McDermott said the organization began by inviting Boston valedictorians to
participate in its first year, then added students from Lawrence in year
two, Brockton and Worcester in 2022, and Chelsea last spring.
Jasmine Rodriguez took part in a roundtable discussion at Northeastern
University for students participating in The Valedictorian Project.
Jonathan Wiggs/Globe Staff
Mentor John Marley, 30, of Taunton, said the organization helps level the
playing field for young people who don’t come from privileged backgrounds.

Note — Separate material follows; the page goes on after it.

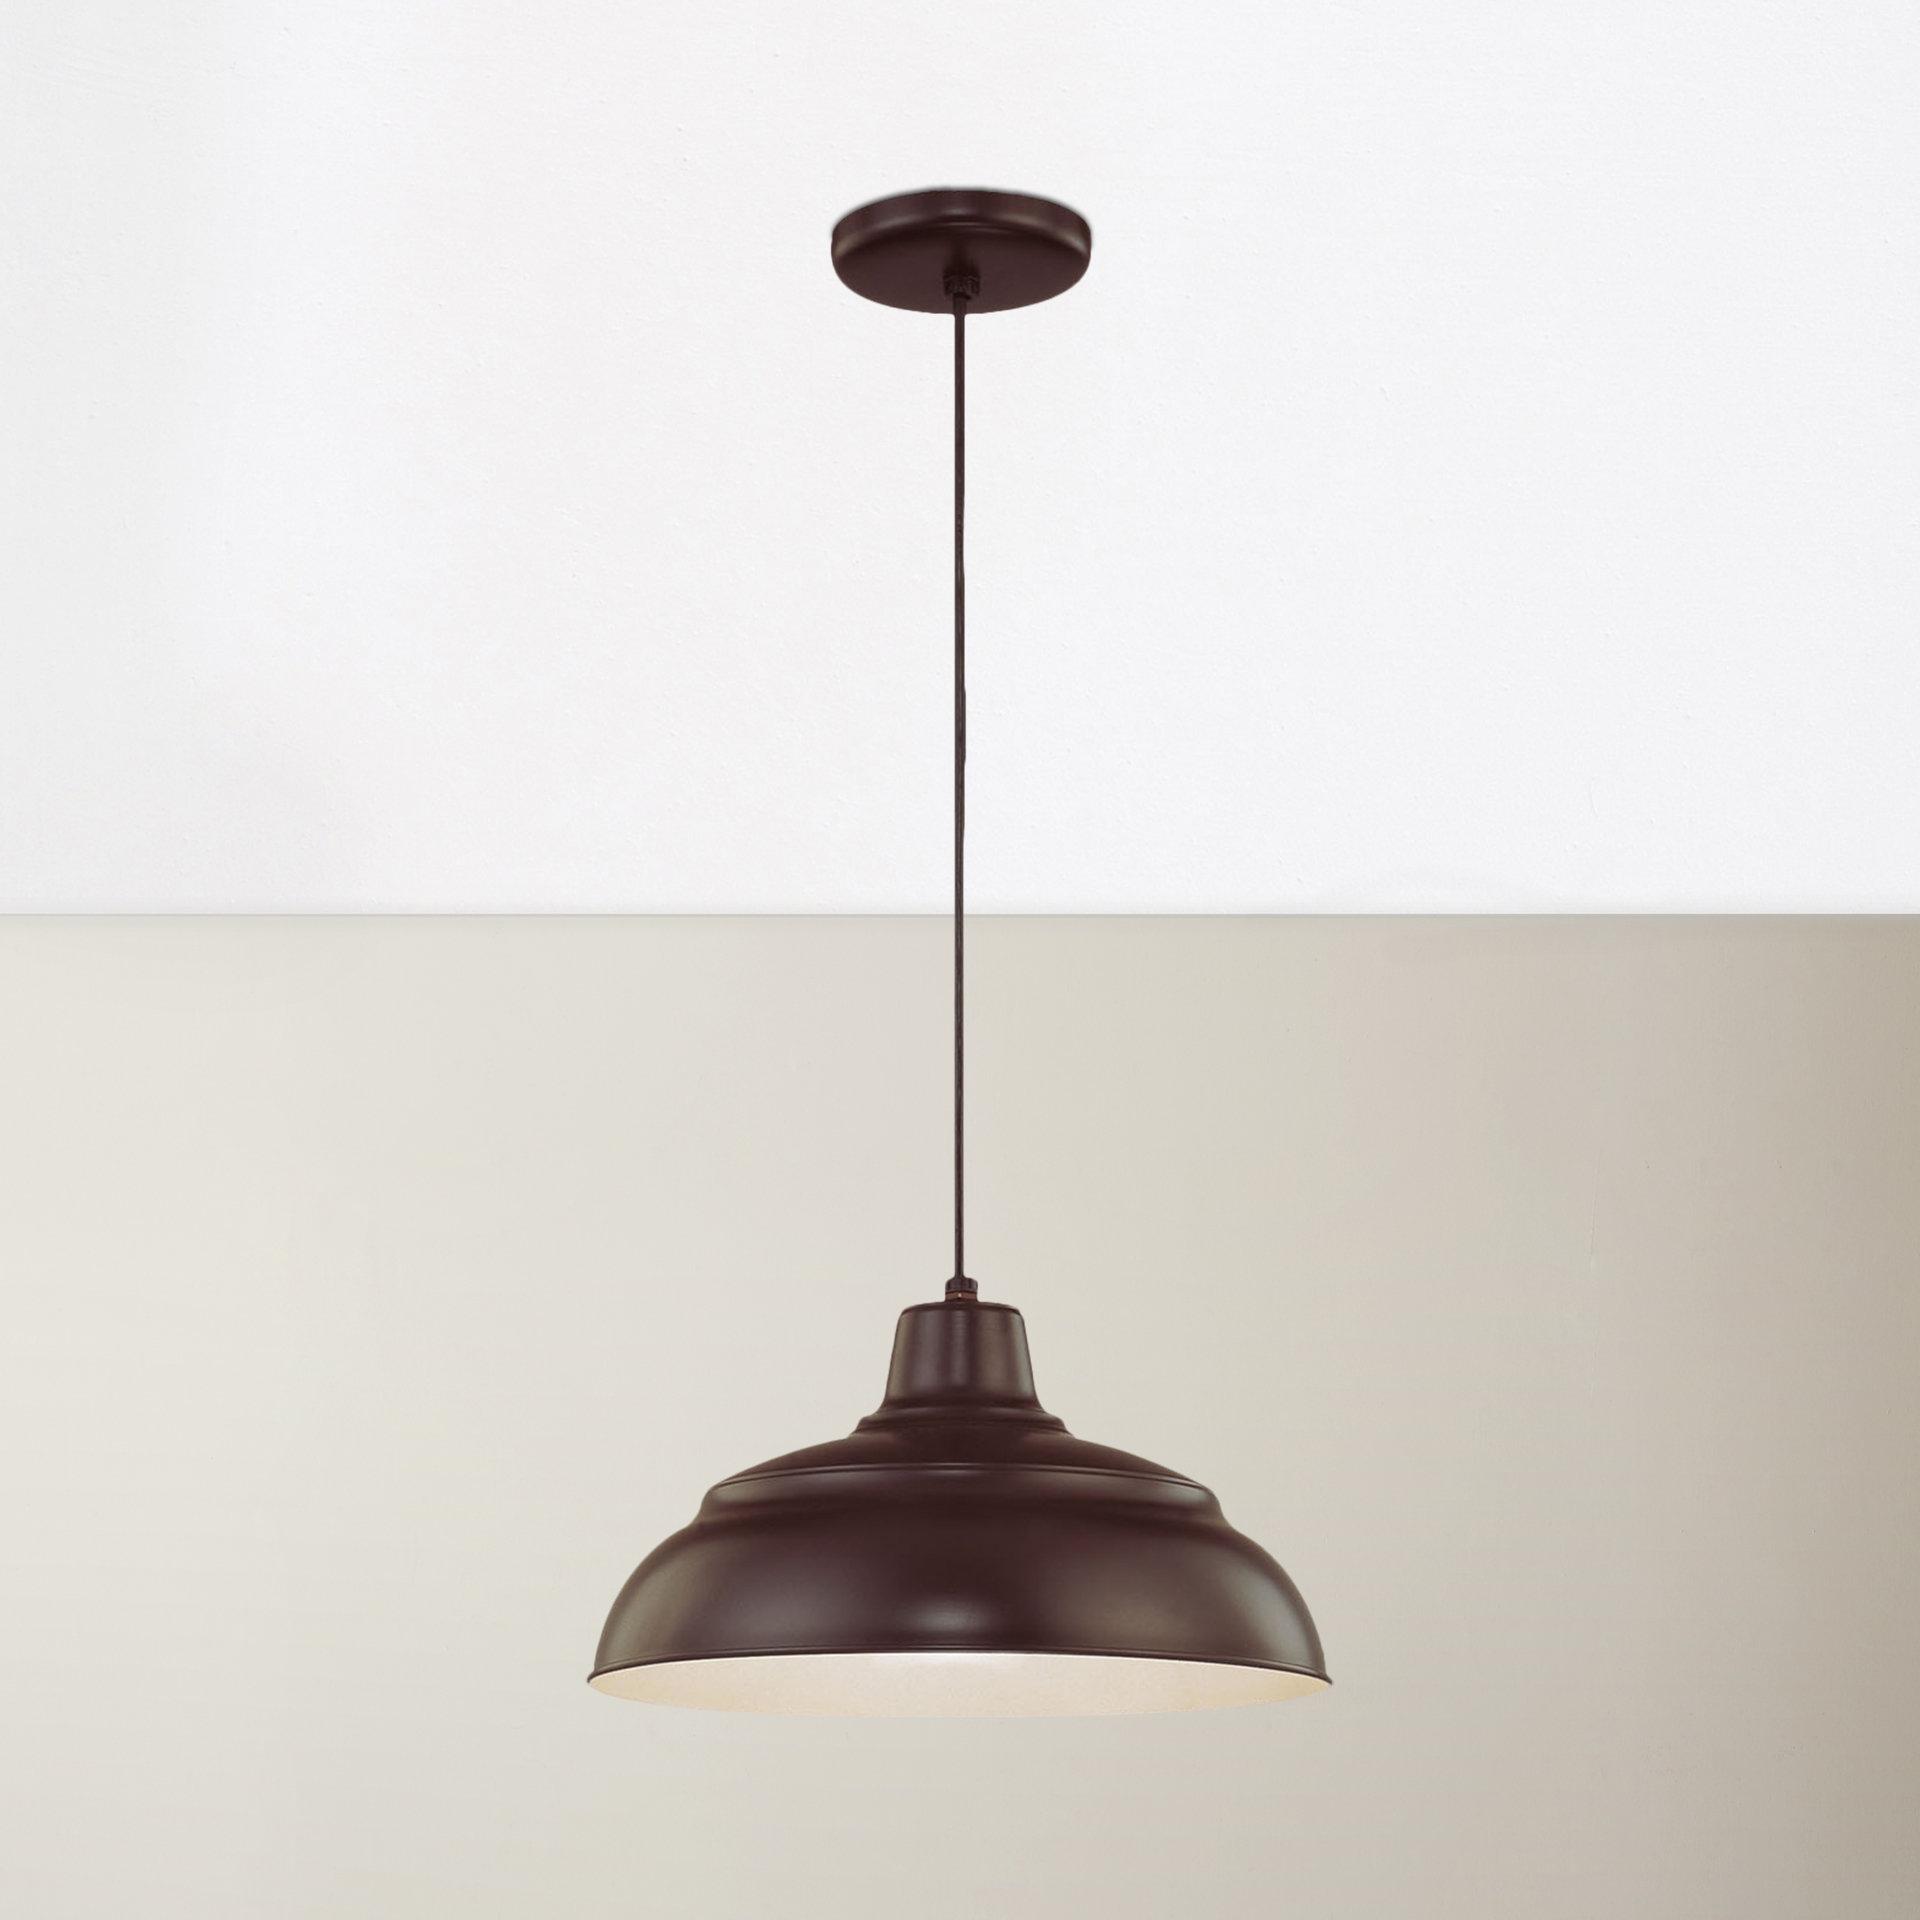 Trendy Stetson 1 Light Bowl Pendant For Abordale 1 Light Single Dome Pendants (View 23 of 25)

“Students from wealthier families have always had these mentorship
relationships, always had these connections, and those things are just
unseen,” said Marley, an attorney whose family came to the United States
from Jamaica when he was 5. “Unfairly or not ... it’s always advantaged a
particular group and class of students over another. And I think they do a
good job addressing that.”
This academic year, The Valedictorian Project is supporting 140 students,
of whom about three-quarters are first-generation college students and
roughly 85 percent are people of color, according to McDermott. Besides
Northeastern, students in the program attend Boston University, Harvard,
MIT, Tufts, Brown, Yale, Stanford, and other colleges around the country,
she said.
As a student of color at an expensive private university, Rodriguez said,
“You have to physically go out and try to find people that look like you.
And I feel like for everyone else, it’s very easy. They find them in their
classes. But it’s like, in my classes there’ll be like one other Black or
Hispanic person.”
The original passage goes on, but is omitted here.